Is your holiday wish list full of eco-friendly gadgets? Even if you’ve been decidedly nice, supply chain fragility may impact what ends up under your tree. A pandemic worsened shortages in the world’s supply of resources like critical minerals needed for renewable energy and technological innovation, and delays and rising inflation naturally followed. But now that we’re increasingly aware of our resource problems, we can start to examine how technology like AI can make our supply chains—and our holidays—more resilient.

A new White House Council on Supply Chain Resilience is targeting these economic problems to improve the availability and flow of goods. The Council plans to review, monitor, and strengthen global supply chains by leveraging technology to catalog available resources and foster better identification and communication of weak points in networks that lead to disruptions and their downstream effects.

At Uncharted we’re working on several ambitious projects aimed at solving aspects of these problems. We’re investigating how human-in-the-loop (HIL) tools powered by AI might help subject matter experts extract, model, and visualize critical mineral resources and supply chain networks as a whole to identify weak points and opportunities to mitigate risk.
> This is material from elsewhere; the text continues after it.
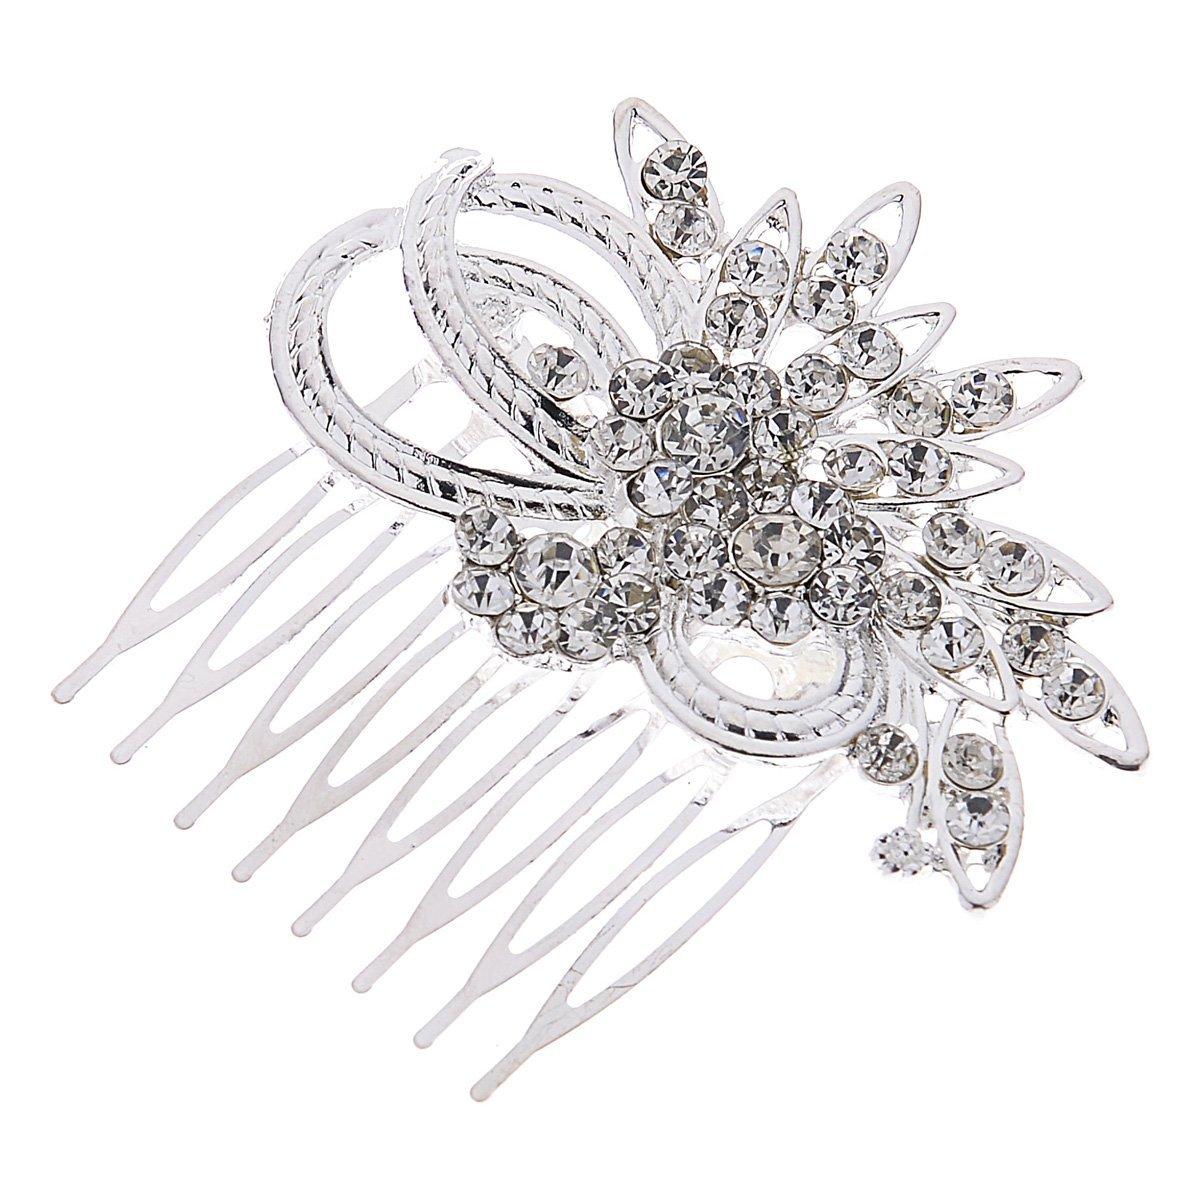 Remedios Vintage Crystal Bridal Hair Comb Wedding Hair Accessory, Silver LWCAFS160043CP12

Bringing new tech to old maps

The U.S. has its own domestic supplies of critical minerals, but its knowledge of where they are is often locked in physical, decades-old mineral exploration and mining maps. Last year DARPA and the U.S. Geological Survey (USGS) co-sponsored an international AI for Critical Mineral Assessment Competition to unlock these details for the digital age. Uncharted received two prizes (one first place and one third place) for prototypes we developed to automatically georeference scanned historical maps and extract marked geological features which could be used to predict deposits of critical minerals.

Historical USGS maps hold a wealth of information about critical minerals, but sophisticated AI tools are required to help the agency process them in a timely manner. | Images: USGS.

We’ve used this work as our jumping off point for a new scalable ensemble approach that combines AI and computer vision with human interaction to extract a variety of features with high precision. If successful, our efforts will help government agencies more quickly assess all of their nation’s critical minerals.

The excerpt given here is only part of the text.